I find that a very helpul image as I try to improve myself. I'm not trying to be more virtuous, but I do see the value in habit, practice and awareness. I think any change or any movement towards getting better involves practice of a good in spite of the temptation to do something else, something easier. I can't say I have a whole lot of experience, but I think that's the point of self-improvement...to build the newer better habits that help correct the bad ones.
Not very deep...but considering that my new habit is writing on this blog, maybe it's enough.

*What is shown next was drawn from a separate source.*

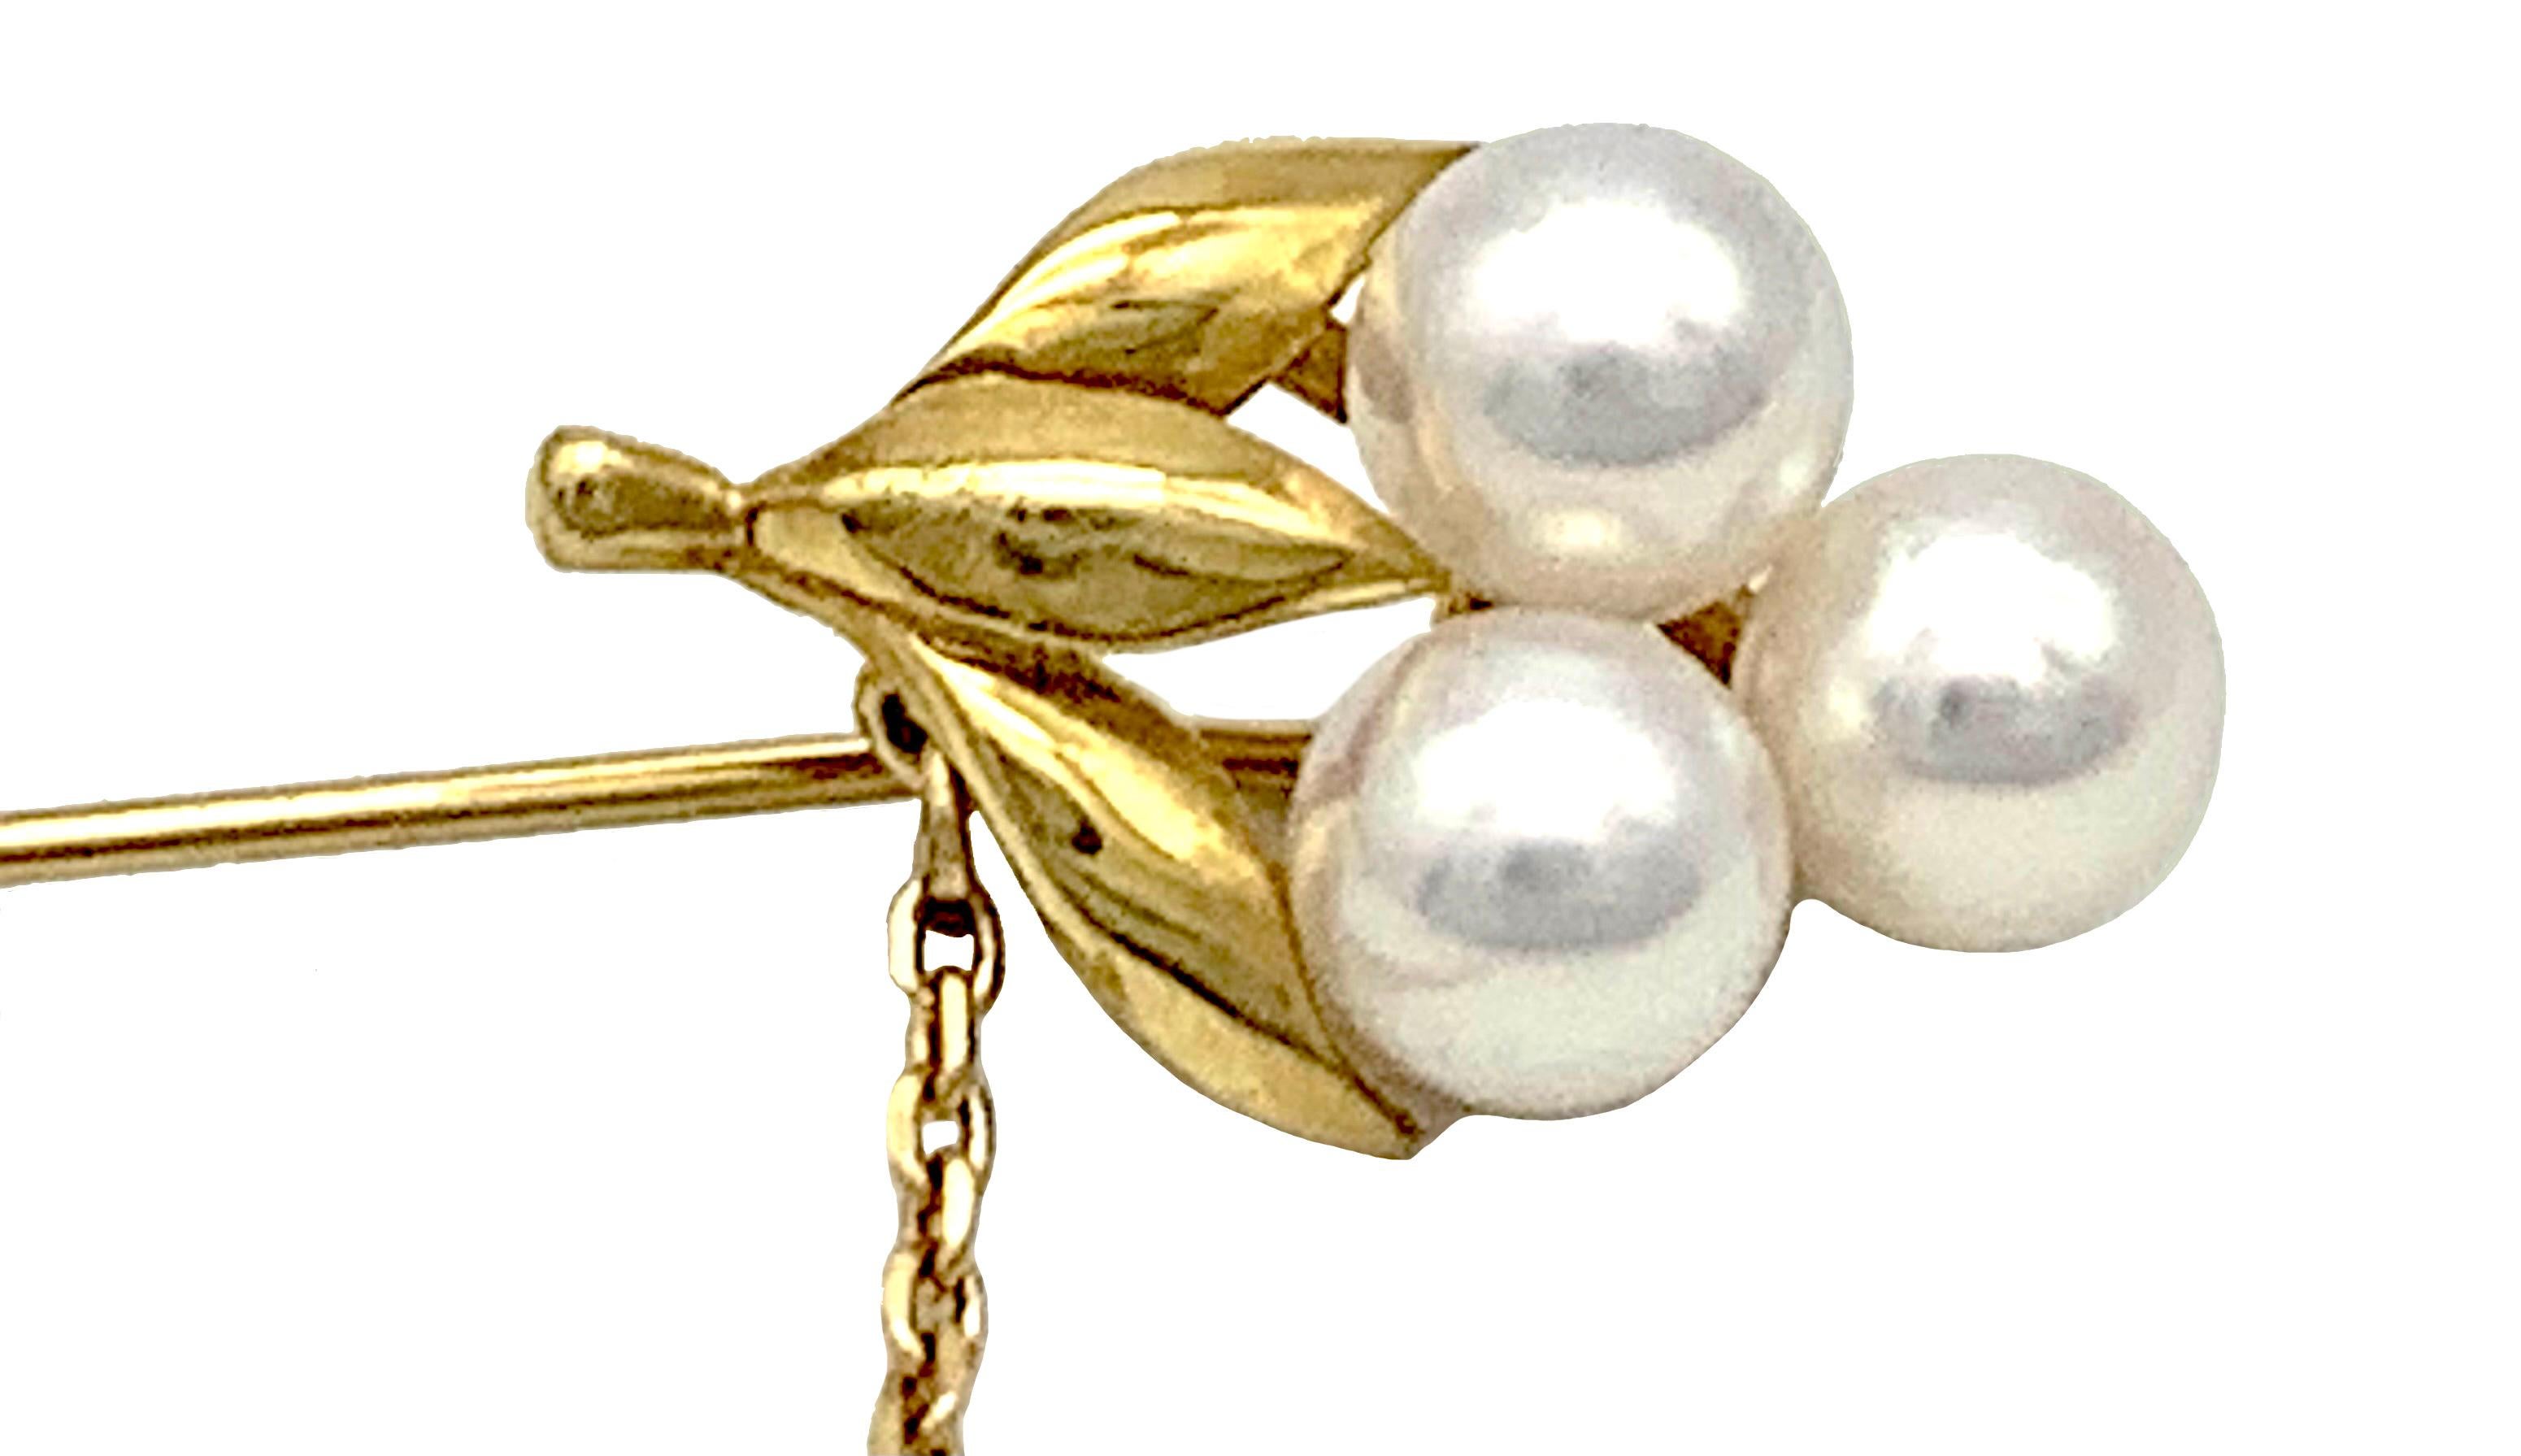 This stickpin has been made out of 18K gold in 1950 ca. The pin is designed as a little flower with three leaves. The flower is made up from three perfectly round white cultured pearls. The pin is equipped with a gold counter piece secured to the

Sunday, September 11, 2011

Starting a blog

Weight: 214.5, Time spent exercising: 55 mins, Calories consumed (approx): 1846
I think this is my third or fourth attempt at creating a blog. In many ways, that's a fitting introduction to why I'm starting this whole project. It occurs to me that my life, marriage, child, career, and general outlook are great.
And yet...
I have a bad habit of not sticking with opportunities to improve myself. Much like a blog, I start off great and then lose interest. The fact is that in spite of all of the good things that I'm doing, I'm not improving. I'm pretty sure my wife, daughter and career deserve more. As such, I've decided to embark upon a mission of self-improvement. Simply put my goals are:
Improve my physical condition:
  • Lose 35 pounds (get to 180lbs)
  • Exercise DAILY for at least 45 minutes
  • Eat fewer calories than I need to lose two pounds per week

Spend my time more productively

  • Read for at least 20 minutes per day
  • Pray/Reflect for at least 20 minutes per day
  • Spend at least 30 minutes playing with my daughter (aka "E")
  • Post to this blog daily

Serve my organization more effectively

  • Identify one thing that I can help improve per week and improve it
  • Set a goal for the month and meet it

Well, there it is. My first baby steps towards improvement. I can't guarantee any insights. This whole thing started with trying to lose weight, and has turned into something entirely different. Hopefully, it helps me to reflect, to get healthier and to center myself. If not, it's still not a bad thing to actually stick with something.